With fighting intensifying within the city, Rieth said IS would often use civilians as human shields. He said they would pack buildings full of civilians, then put a sniper somewhere within the building so the only way to take down the sniper was with an airstrike. In his most recent trip, he often found himself treating civilians.

“One of the days I wasn’t there they had 130 patients in one day. And you’re talking a (treatment area) that’s got eight, 10 beds,” he said. “So you think about that for a minute, we don’t really have the resources to be able to handle that level of volume, but when a car bomb goes off and there are 30 people, they come right to us because we’re the first level of triage before they get pushed to a hospital — sometimes the floodgates just open.”

Being this close to such fighting also put a target on Rieth and his co-workers’ backs.

Word had spread, Rieth said, that there were Westerners in Mosul and members of the community had heard that ISIS had put a bounty out for them.
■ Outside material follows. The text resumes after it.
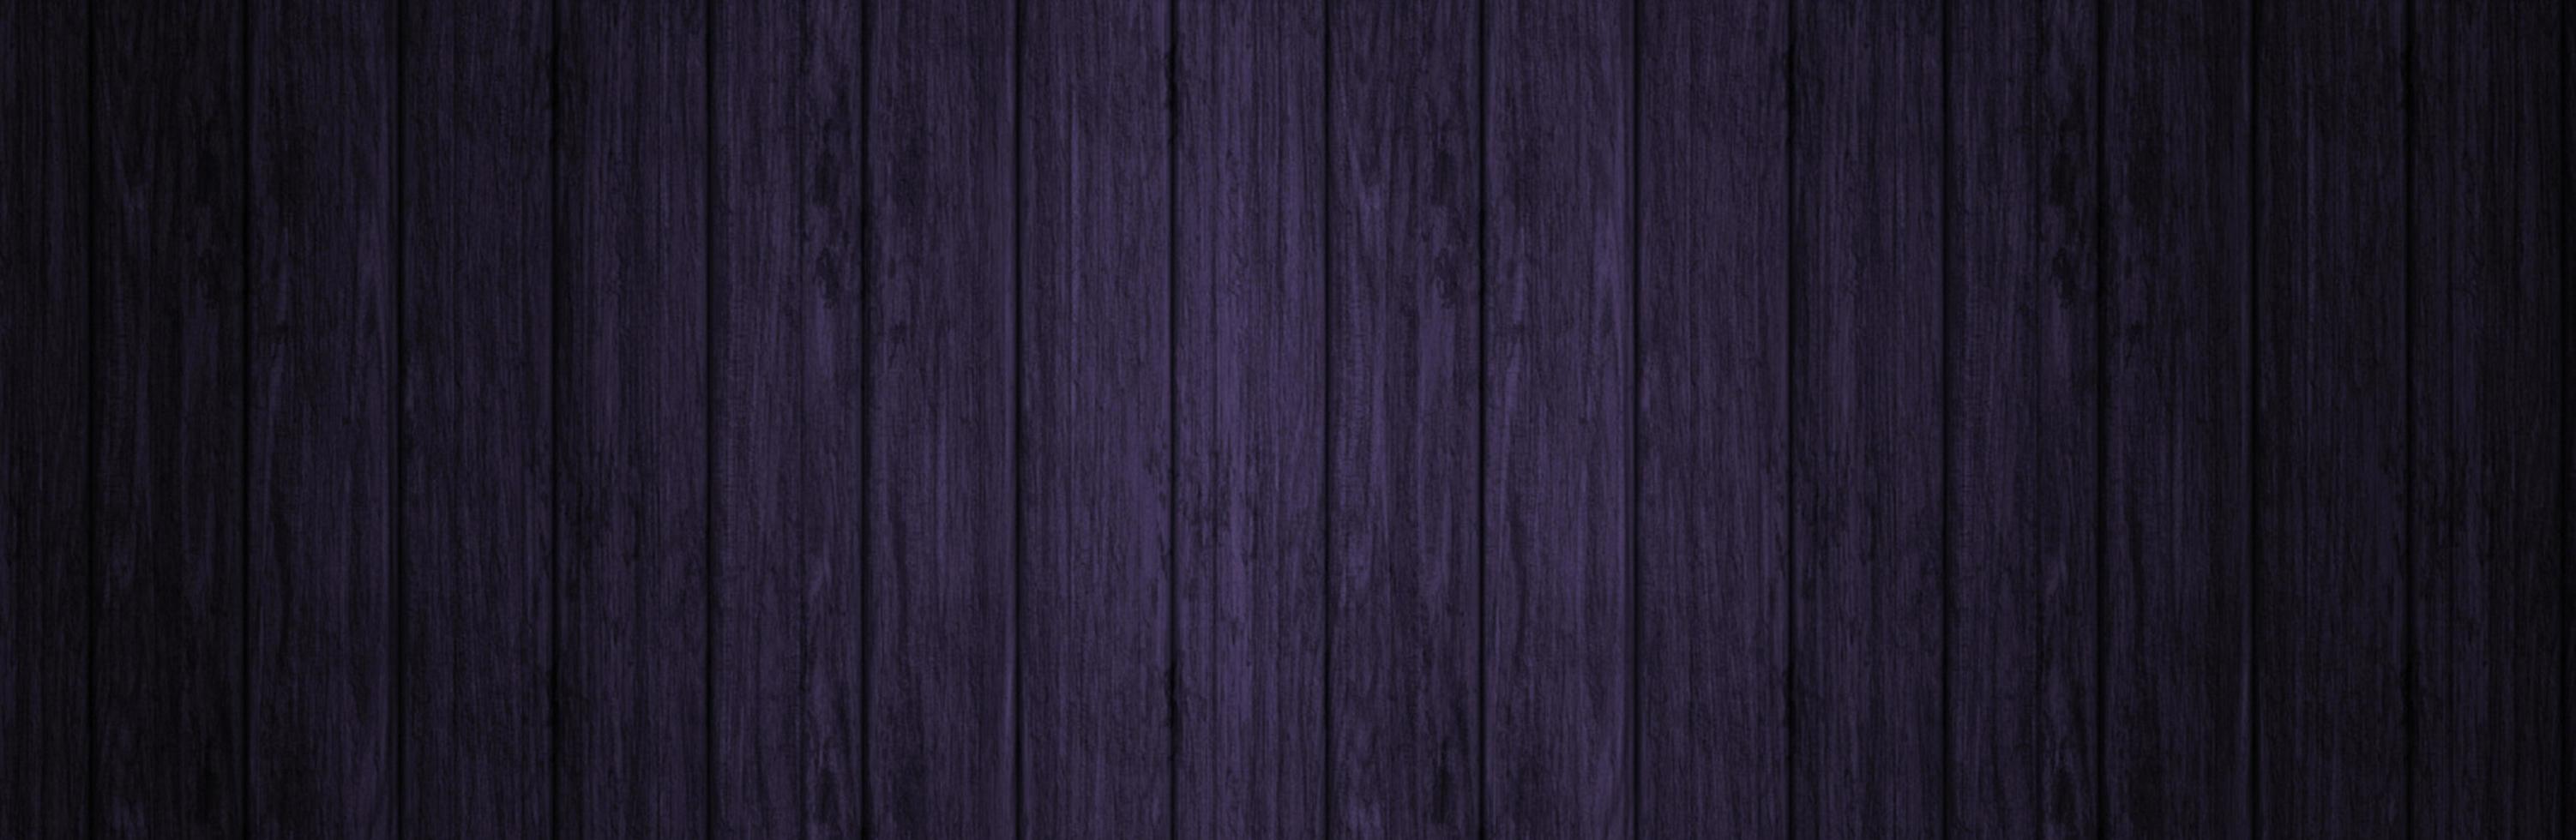 lila Holz Textur Hintergrund foto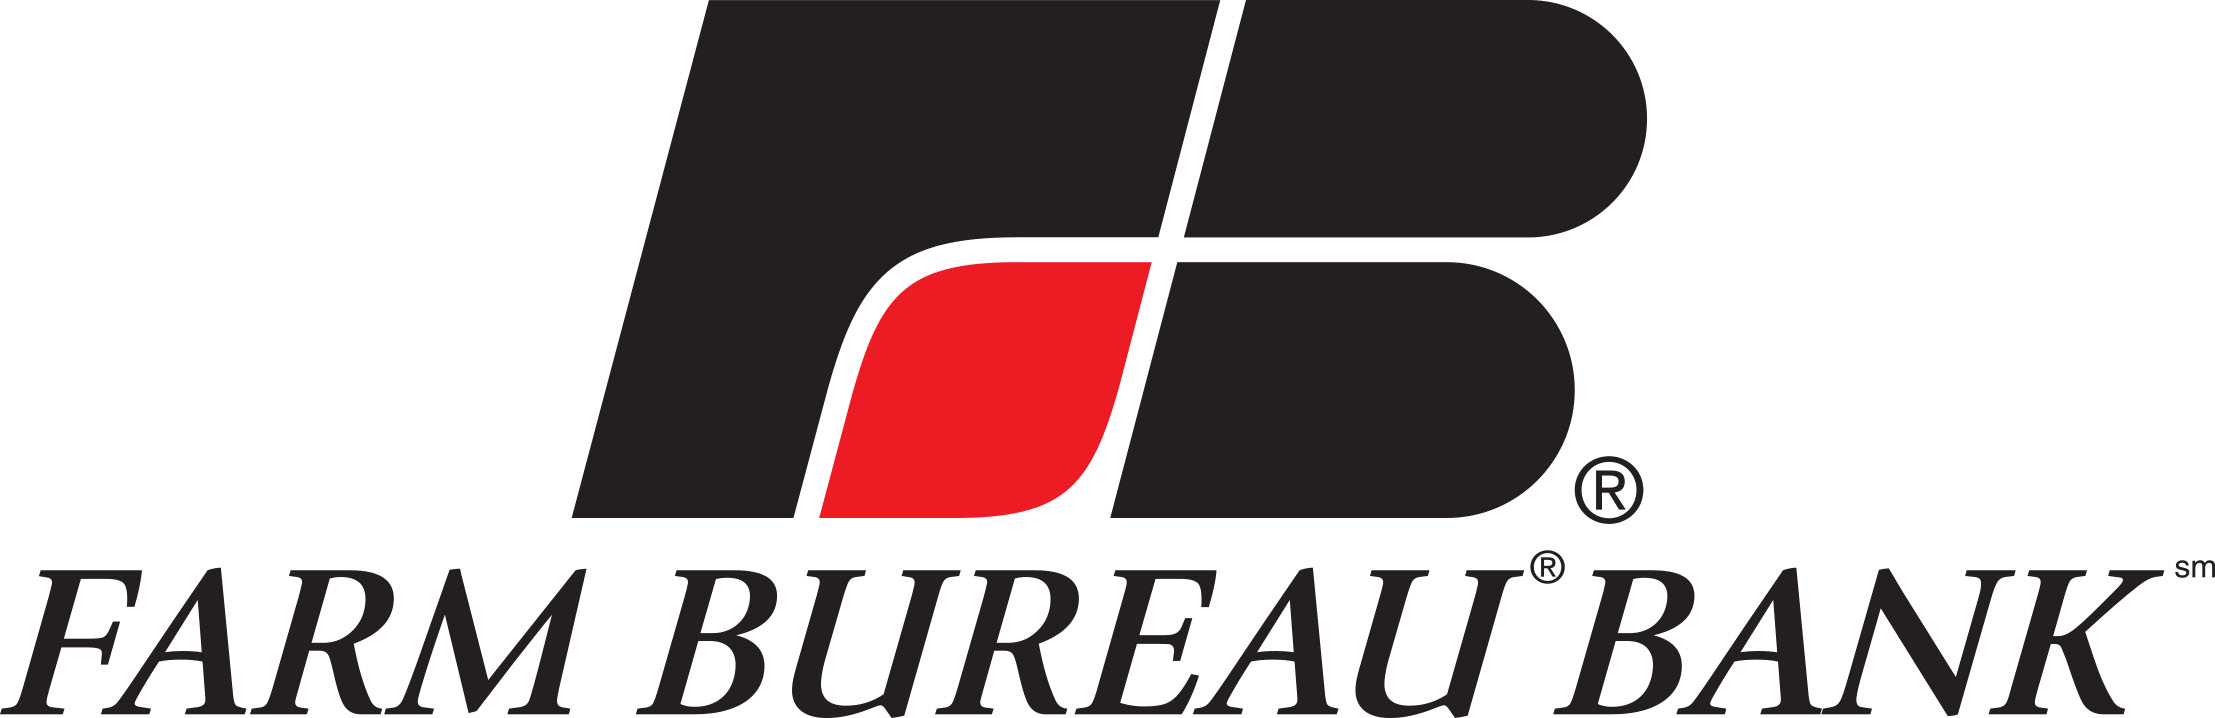 Farm Bureau Bank Logo

“We don’t know how much. I’d like to think I’m worth a few bucks but maybe I’m not,” he said with a smile.

Rieth added that IS had put out word that it needed four volunteers to get suicide belts, act like they were injured, come into the treatment center and blow themselves up.

“It never happened, thankfully, but I don’t know how close it came,” he said.

Upon hearing this, the volunteer medics had to put into place safety precautions, including searching civilians before entry and allowing only a few in at a time.

Beyond fearing for his own life, there are times when the immensity of being a combat medic hits Rieth.

Medics were standing around a treatment center one day hearing a cell phone ring. The phone continued to ring and soon they realized where it was. There was a pile of bloody clothes medics had cut off the wounded, Rieth said.

“When I say they were soaked in blood, when you pick it up it would drop blood. And somebody’s phone was ringing in there, and my heart sank,” Rieth said. “That’s somebody’s wife. ‘You said you’d call me in two hours and it hasn’t been,’ but I don’t speak Arabic or Kurdish. That person is calling to see if their husband is OK, and I can’t even, and even if I did speak it, is he the one that died or didn’t?”